Yes, the ASPCA gets a little bit of money from me once a year.  My daughter is just as bad, and has personally rescued, restored and found homes for more strays than I can count.

Advertising companies know our weak spots.  They know that songs like "Angel" will touch us.  They know that those Hallmark commercials are going to reach that soft spot in a lot of viewers.  Deep, sad eyes of abused animals are going to tug at our hearts.  They're good, they are really good at what they do - and they know it!
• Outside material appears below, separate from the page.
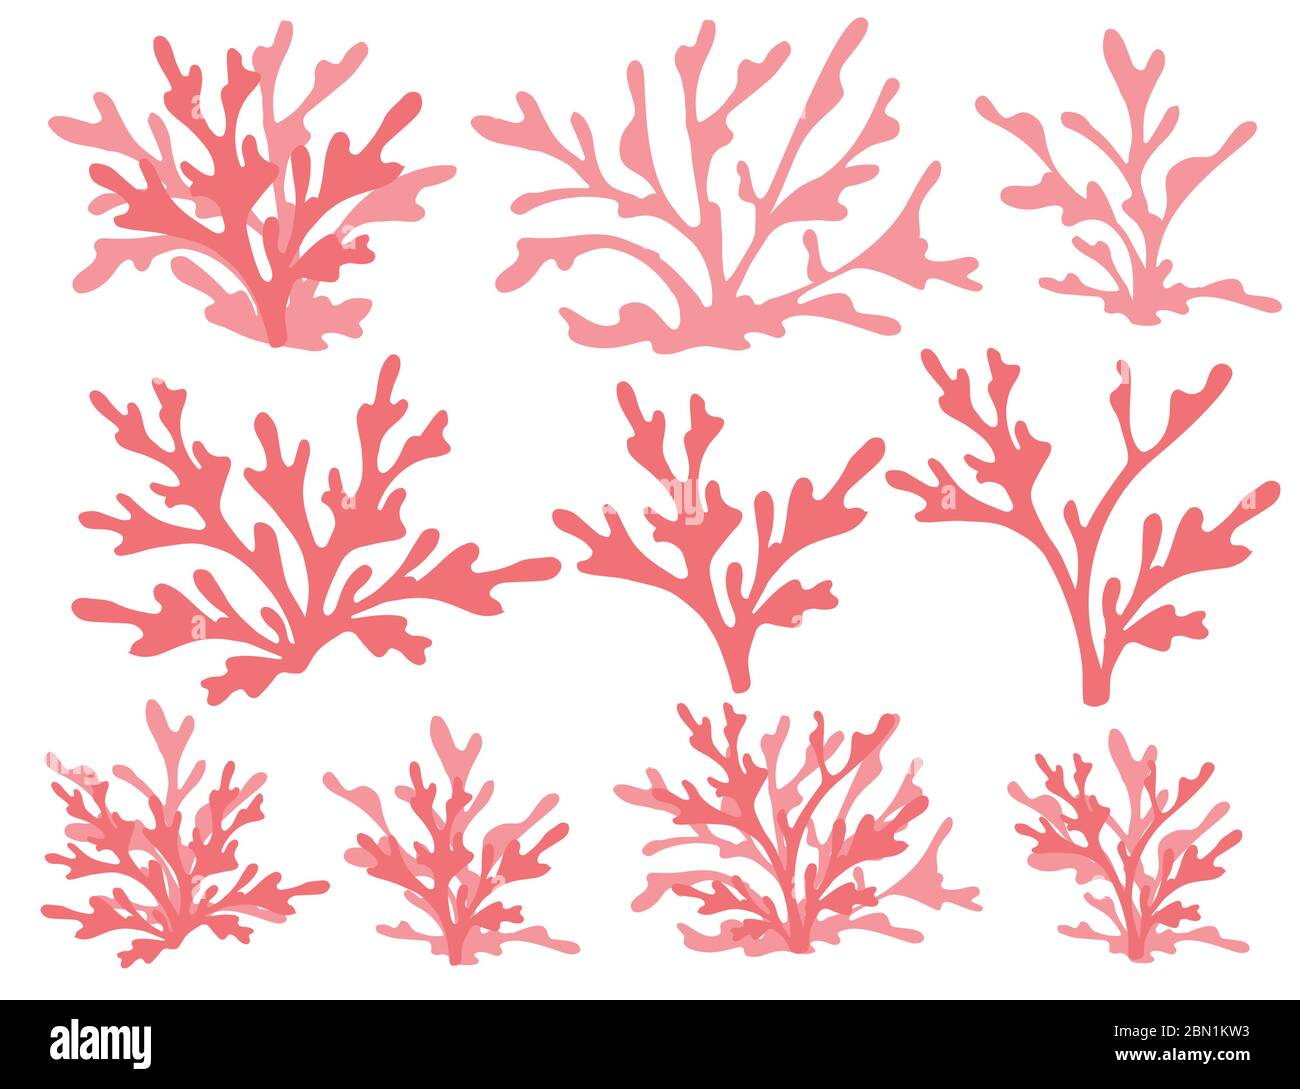 Ensemble de silhouettes d'algues rouges de corail illustration vectorielle plate isolée sur fond blanc Illustration de Vecteur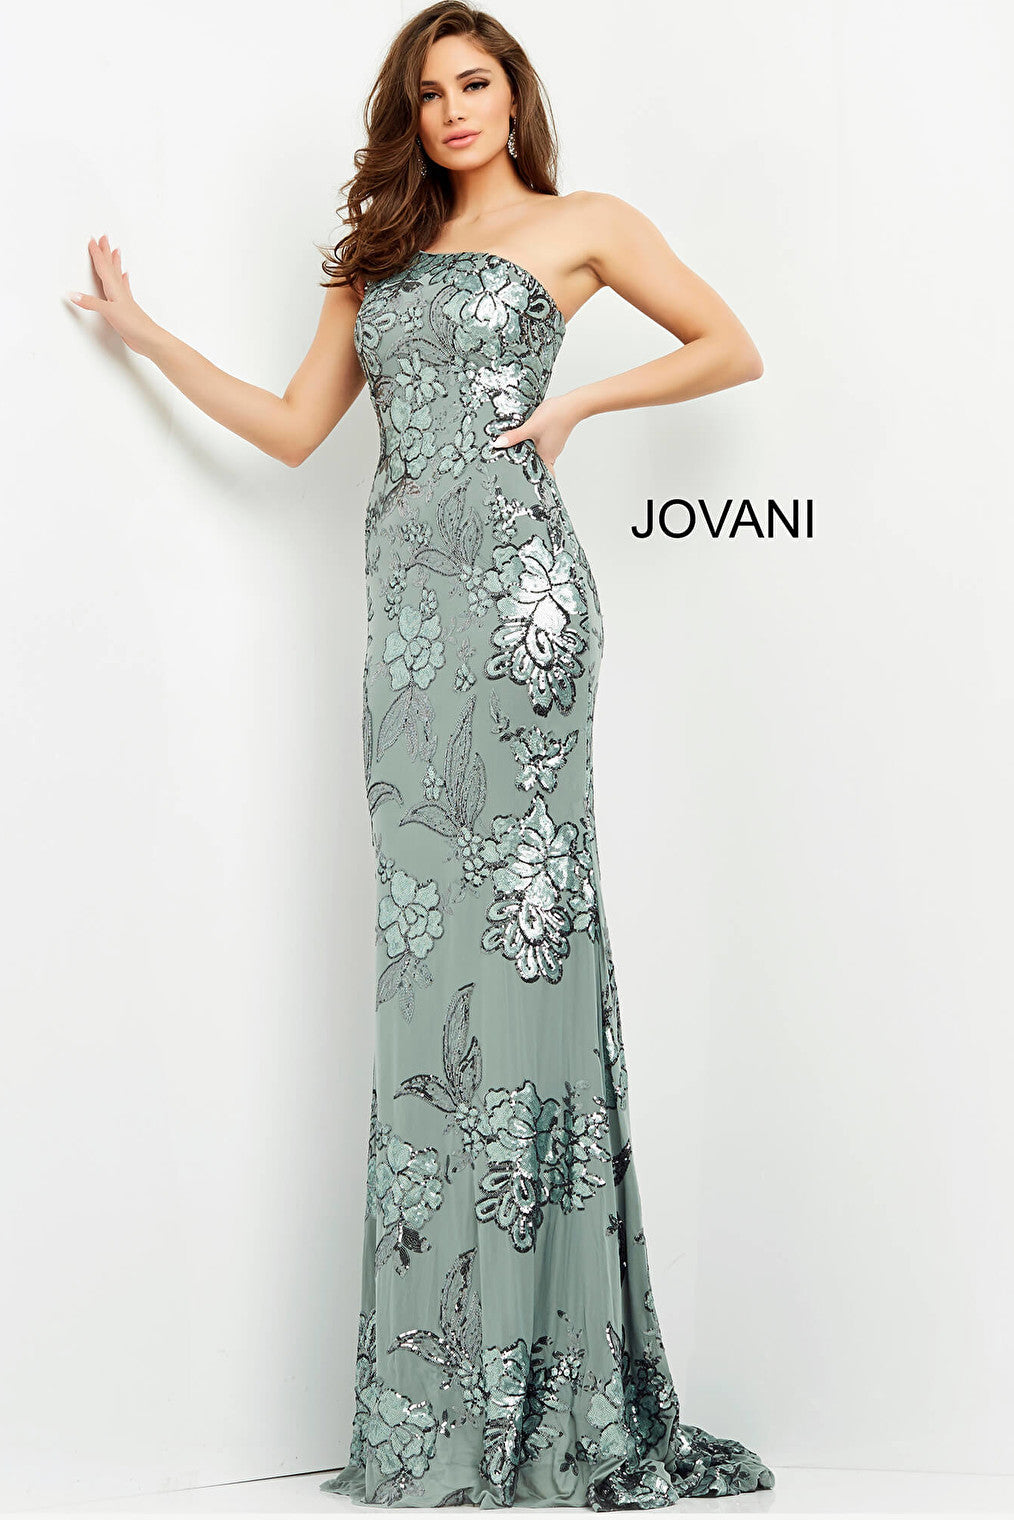 Sequin embellished sage dress Jovani 04331

So, why didn't I just get up and change the channel, you ask?  Why did I subject myself to the "fuzzy moment's" of not just the movie, but the commercial?  The answer is simple, we all need that stuff from time to time.  We need it because we live in a world that can be and usually is just exactly opposite from those "fuzzy moments" a great deal of the time.



Several years ago, I was the Children's Minister at our church.  I served for 7 years.  During my service, we created a Puppet and Clown ministry and we toured every spring break.  We also went to churches in Atlanta and performed.   All of our comments and reviews were good, but what blew me away was the feedback that came from one church in particular in downtown Atlanta.  They thought we were too evangelical.  WHAT!  Isn't that kind of the point of the whole thing?  It's not just about silly skits, making kids laugh and magic tricks.  There's a message in everything we did.  I was dumbfounded.  Did this person totally miss the whole point of the performance?  If so, I was very sad for her.


This all brings me to the point of my mushy, sometimes evangelical rambling.  It's not just been about old movies and sappy commercials.  This is why, we can all be in the arms of an angel.  We all have tough moments when we need to be carried, when our burden is too much to bear on our own.  Those are the moments when our Angel lifts us high in His arms and lightens the load for us so that we can bear our burden with His help.  We all need to know that it's okay to ask for help.  It doesn't mean we're weak, it means we are human, and we are vulnerable in one way or another.  The He in my life is Jesus.  He is my rock, my salvation, my strength, my light, my truth.  He is my "Angel".  When He is not carrying me, He is walking right by my side.  We talk a lot, multiple times throughout the day and I tell Him "thank-you" every chance I get.

Something I like to share is "I can do everything through Him Who gives me strength", Philippians 4:13.  It's true.  It is my mantra.  If a situation arises that I think someone else needs to hear it, I quote it to them.  At my house, we call it 4:13-ing it.  I share the verse with them and let them know that they need to not only hear it, but they need to believe it - and, generally, I will then ask them to repeat it until they can say it with such strength and believability, that they have convinced me that they are ready to "walk on".  Does that make me too evangelical?  Maybe for some people.

God puts people in our path for a reason.  There is purpose behind absolutely everything that happens to us, sometimes we just don't know what that purpose is.  

So, as you make your way through this day and the next and so on, remember this - that the person standing in your path was put there for a reason.  Maybe you will find out why, maybe not.  Regardless, good or bad, be a "lemonade" person all of the time.  Look for the good in every situation and every person.  Maybe, just maybe they need to see that example so they can learn to do the same.  But most important of all, I am, you are, we are all "in the arms of an Angel".   "May you find some comfort there."